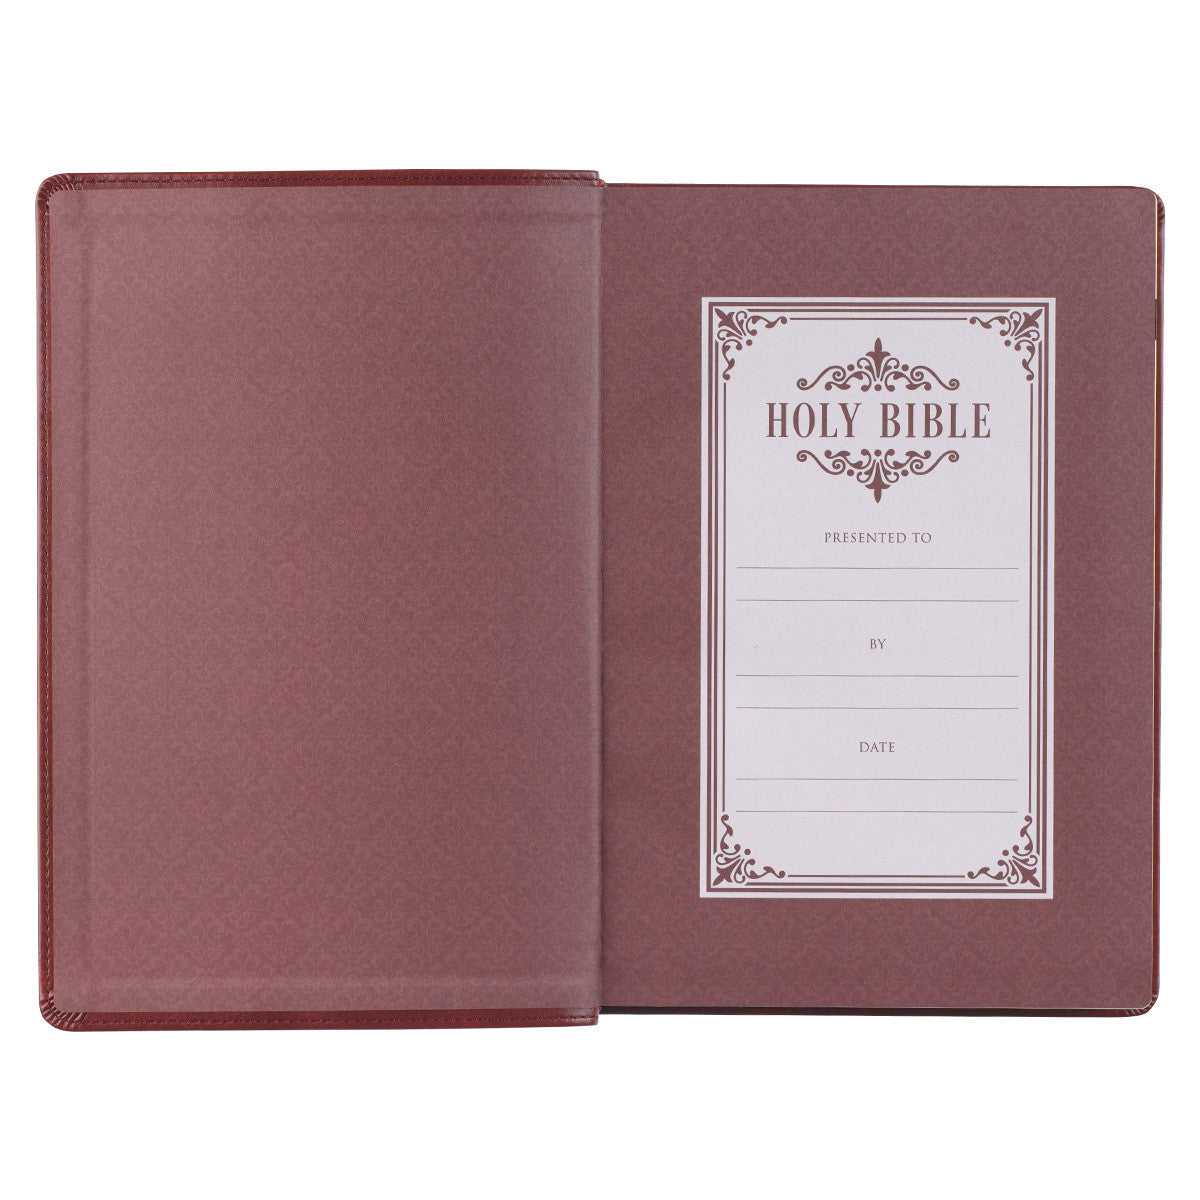 Burgundy Faux Leather Full-size Giant Print King James Version Bible with Thumb Index
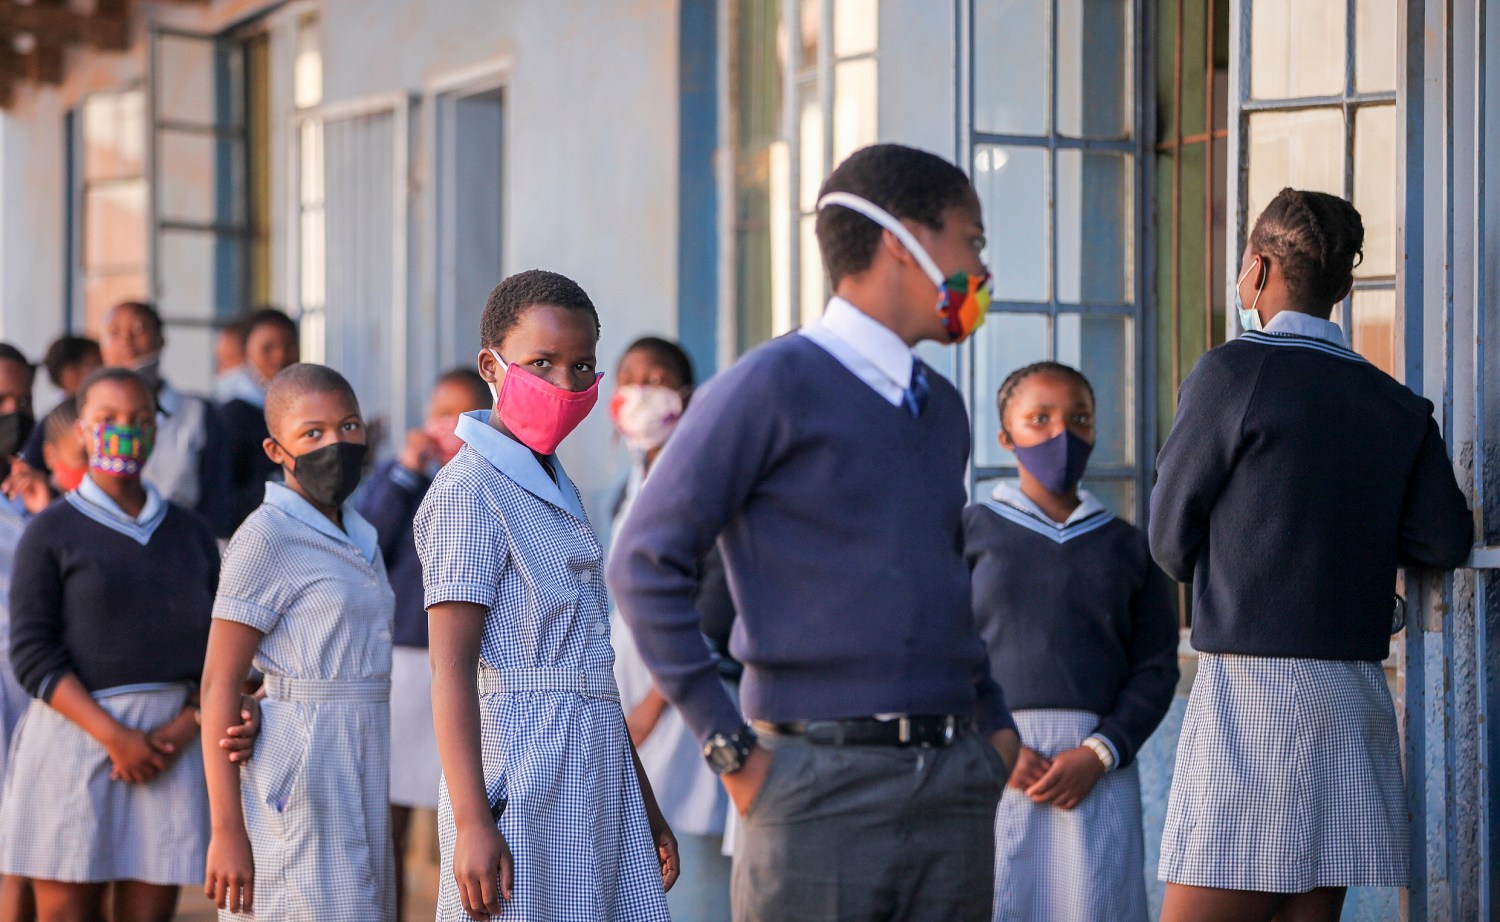 DURBAN, SOUTH AFRICA- Students return to classrooms, amid the easing of quarantine and the gradual opening of the country in Durban, South Africa on June 8, 2020. Since March 19, the beginning of strict confinement decreed by the president Cyril Ramaphosa to combat the covid-19 pandemic, South African schools had been closed. By virtue of a relaxation, this Monday (8) the secondary classes were officially resumed throughout the territory. (NO RESALE)
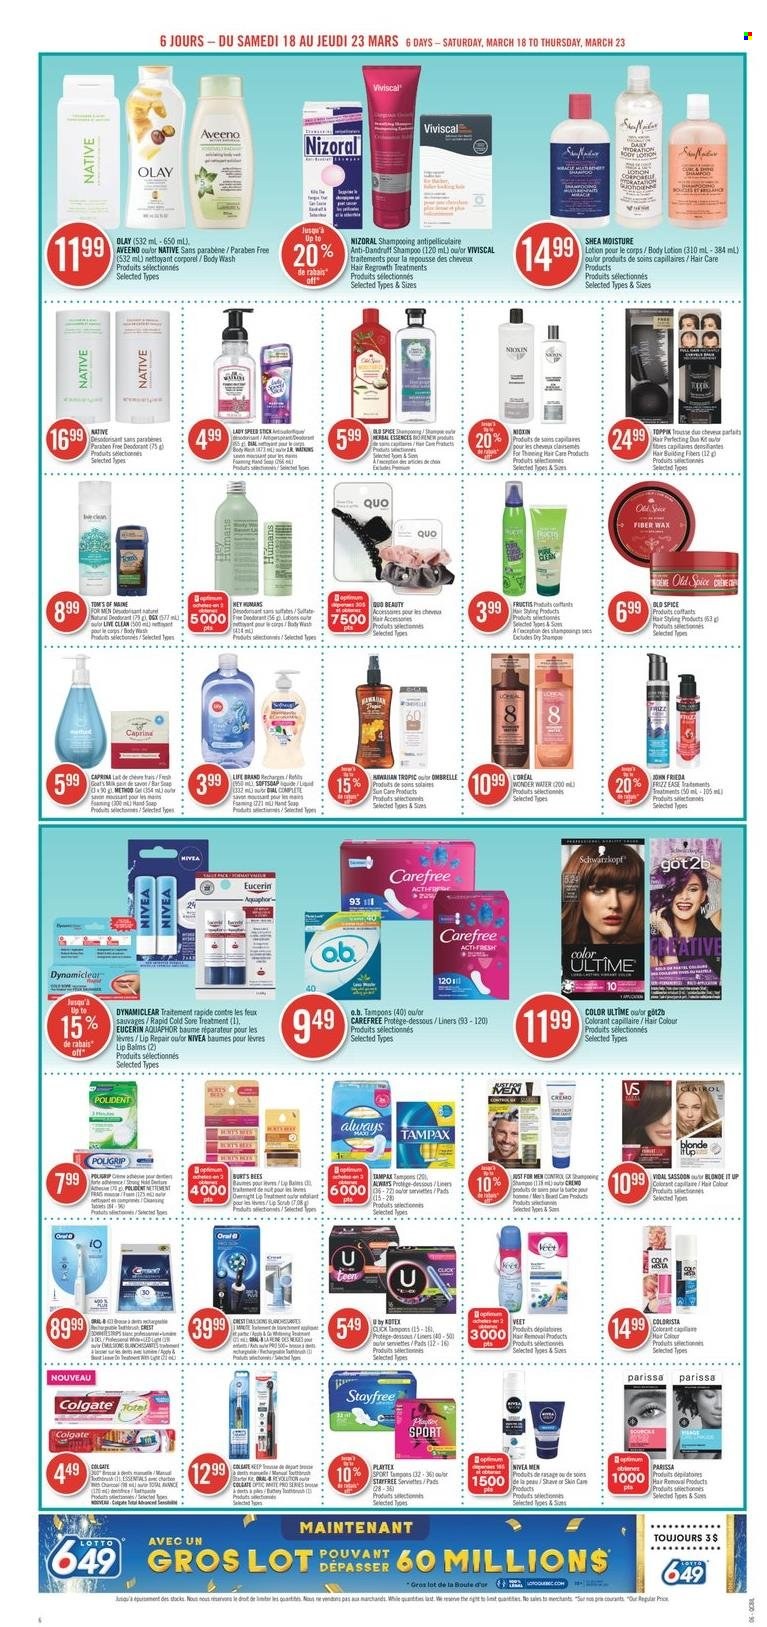 thumbnail - Pharmaprix Flyer - March 18, 2023 - March 23, 2023 - Sales products - Mars, spice, water, Aquaphor, Aveeno, Nivea, body wash, Softsoap, hand soap, soap, Polident, Crest, Stayfree, Carefree, Kotex, tampons, L’Oréal, Olay, hair color, Herbal Essences, John Frieda, Toppik, Fructis, body lotion, anti-perspirant, Speed Stick, Veet, serviettes, Optimum, Lotto, Colgate, Eucerin, shampoo, Tampax, Old Spice, Schwarzkopf, deodorant. Page 7.
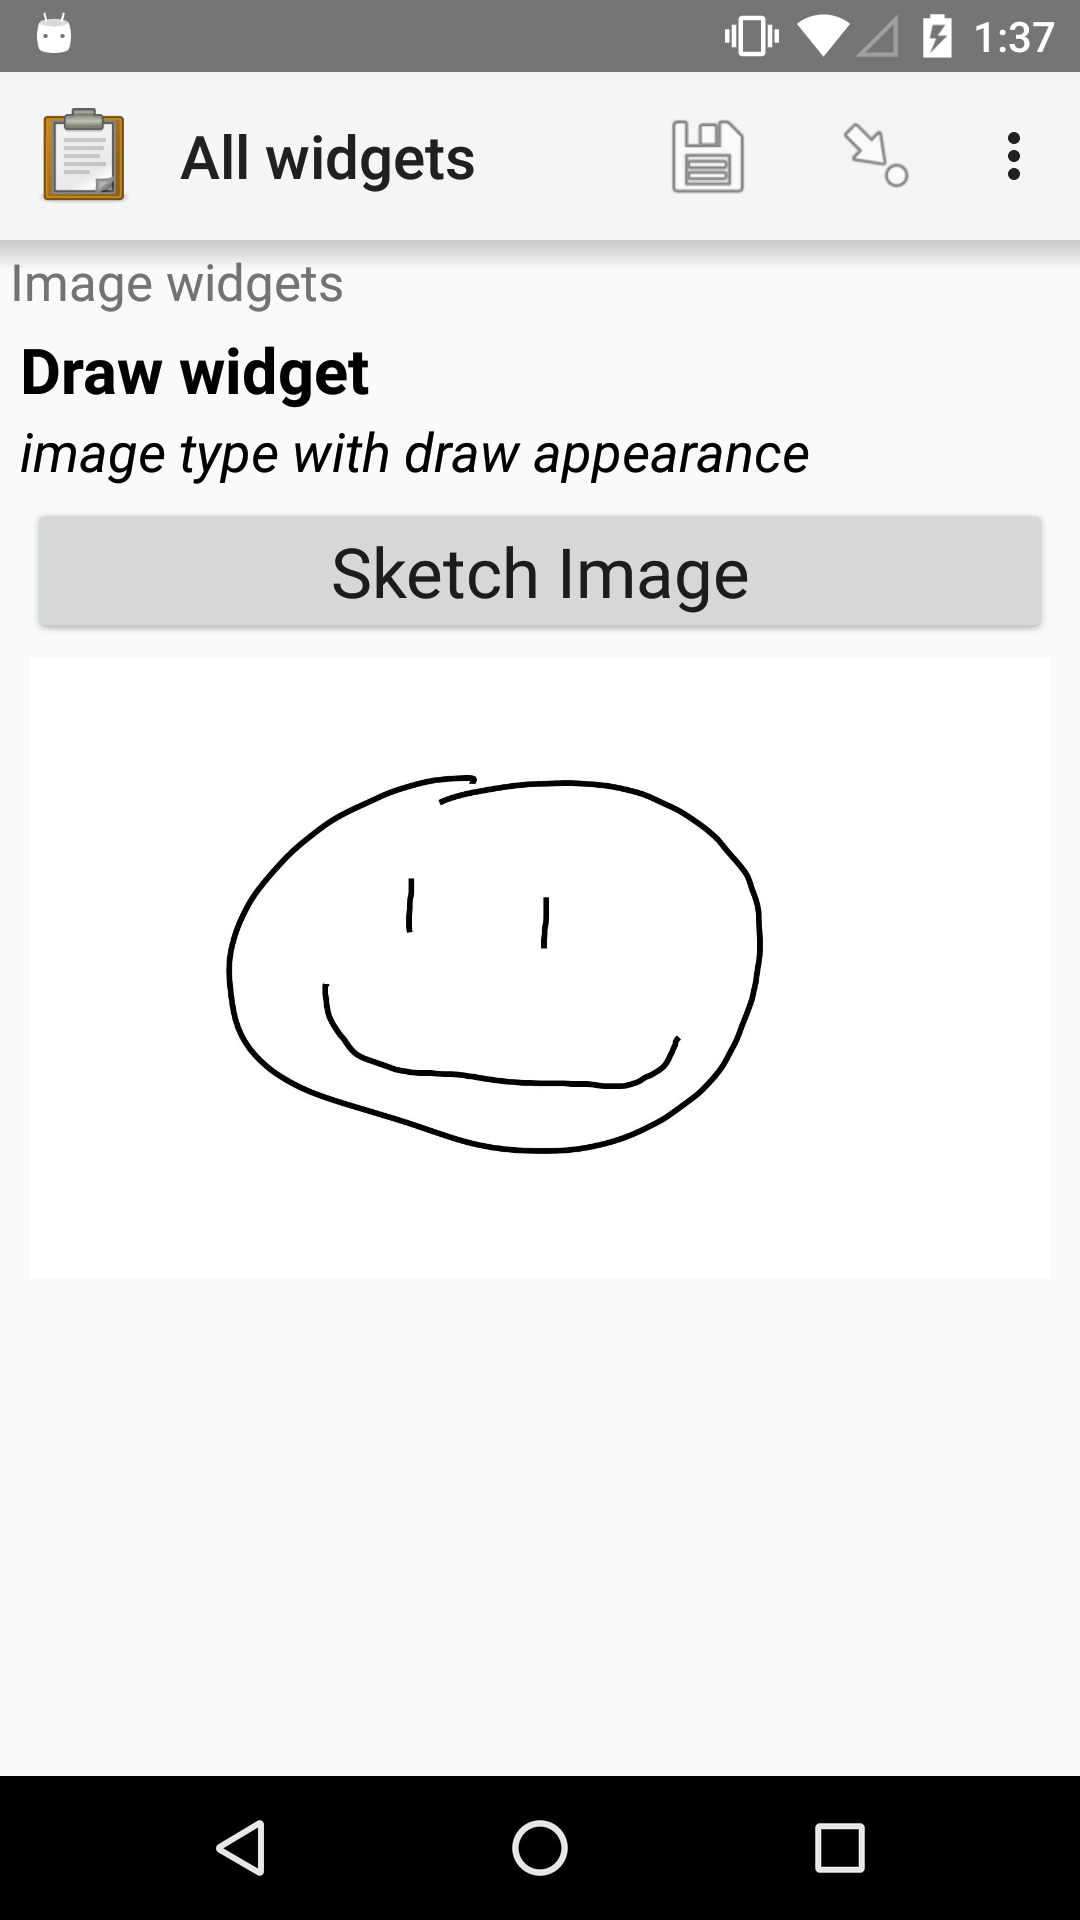 The Draw widget as displayed previously. Below the "Sketch Image" button is the smiley face from the drawing pad image shown previously.

> [EXERCISE DIRECTIONS] The line containing "DURBAN, SOUTH AFRICA- Students" marks the end; please output exactly the lines of the listing above from its first line through that line, without pictures.

> [FINISHED EXERCISE]
 Burgundy Faux Leather Full-size Giant Print King James Version Bible with Thumb Index
 DURBAN, SOUTH AFRICA- Students return to classrooms, amid the easing of quarantine and the gradual opening of the country in Durban, South Africa on June 8, 2020. Since March 19, the beginning of strict confinement decreed by the president Cyril Ramaphosa to combat the covid-19 pandemic, South African schools had been closed. By virtue of a relaxation, this Monday (8) the secondary classes were officially resumed throughout the territory. (NO RESALE)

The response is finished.